Abstract

A series of skeletal and dentoalveolar/occlusal criteria were proposed for choosing the treatment modality for the management of midface hypoplasia in cleft lip/palate patients, focusing on functional improvement, aesthetics, and minimizing the risk of recurrence and secondary alterations. For which, 42 patients with nonsyndromic cleft lip/palate, all with previous primary lip/palate surgeries and without previous osteotomies, were analyzed.
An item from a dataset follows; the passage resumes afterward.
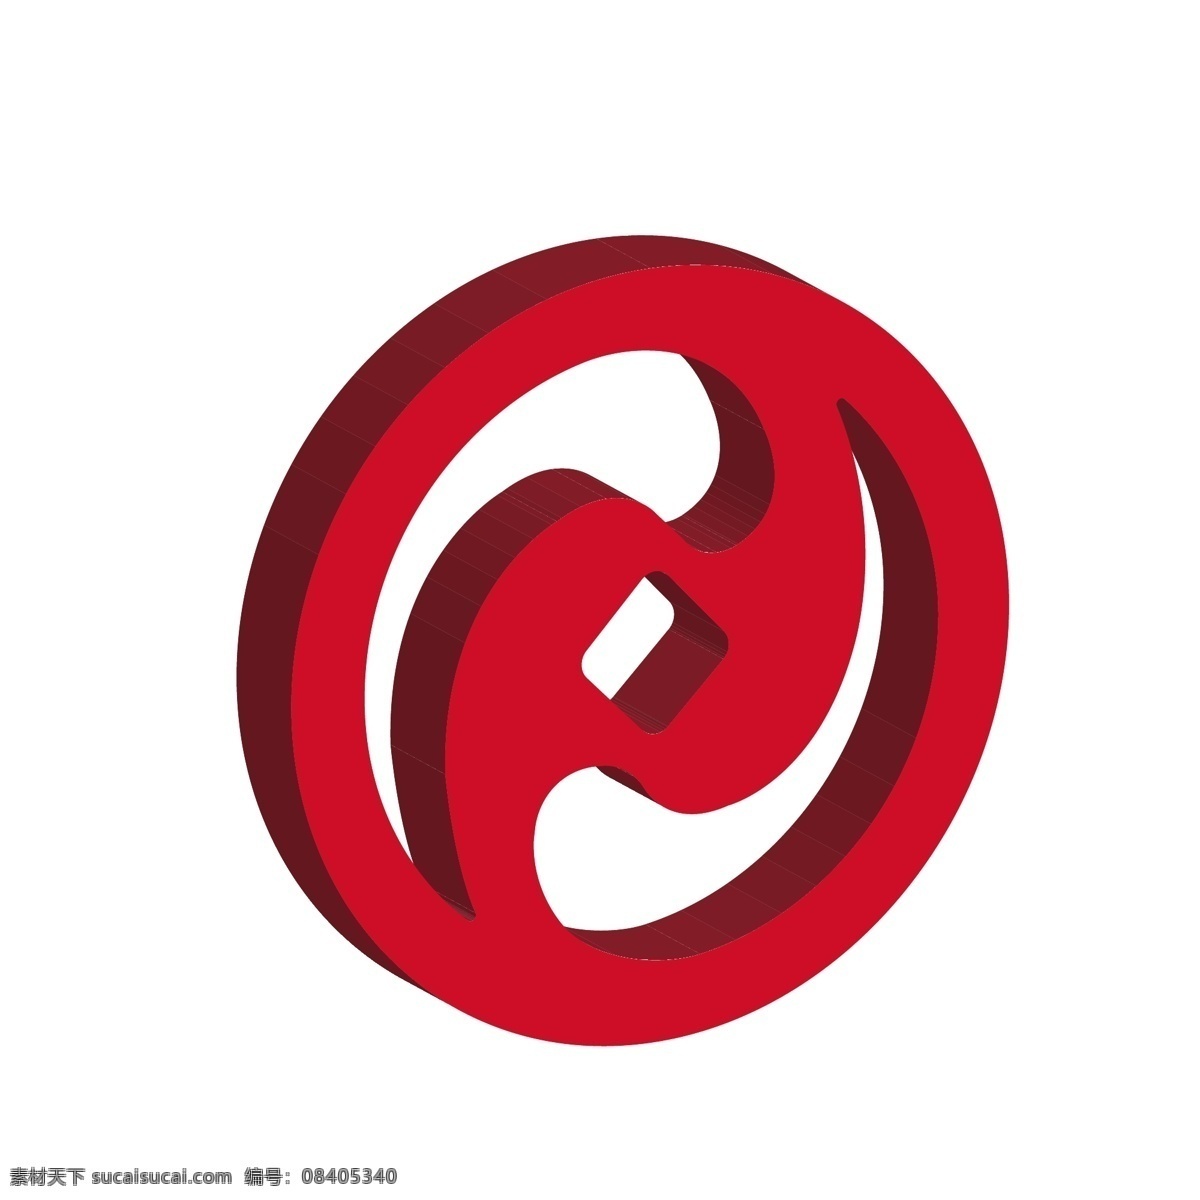 东营市 商业银行 logo 图标 红色 2.5d 立体 logo图标 货币信贷 矢量银行 金融机构 手机app 免抠图png 千库原创

Orthognathic surgery (OS) (n = 24) and maxillary distraction osteogenesis (n = 18) with anterior segmental osteotomies (segmental distraction osteogenesis [SD]), alveolar transport disc (TD), and midface total distraction osteogenesis (TDO) by modified Le Fort III osteotomy was done.The average of maxillary advancement for OS was 5.58 ± 0.83 mm, for SD 9.4 ± 0.89 mm, for TD 8.00 ± 1.00 mm, and for TDO was 8.13 ± 1.55 mm.In the presence of infraorbital and/or zygomatic hypoplasia, TDO was performed using skeletal anchorage, with the requirement of occlusal stability in dental cast in occlusion. In short maxillary arch without dental cast feasibility in occlusion, hypodontia/agenesis or absence of premaxilla, TD and SD was performed. There was only 1 mm of recurrence in 1 patient of each group. Changes in speech were detected in 2 patients in the OS group (8.3%). Orthognathic surgery can be indicated for advancements ≤7 mm not requiring orbito-zygomatic advancement, whereas distraction osteogenesis can be indicated for advances >8 mm with or without the need for orbito-zygomatic advancement, in addition with other dentoalveolar factors and velopharyngeal function.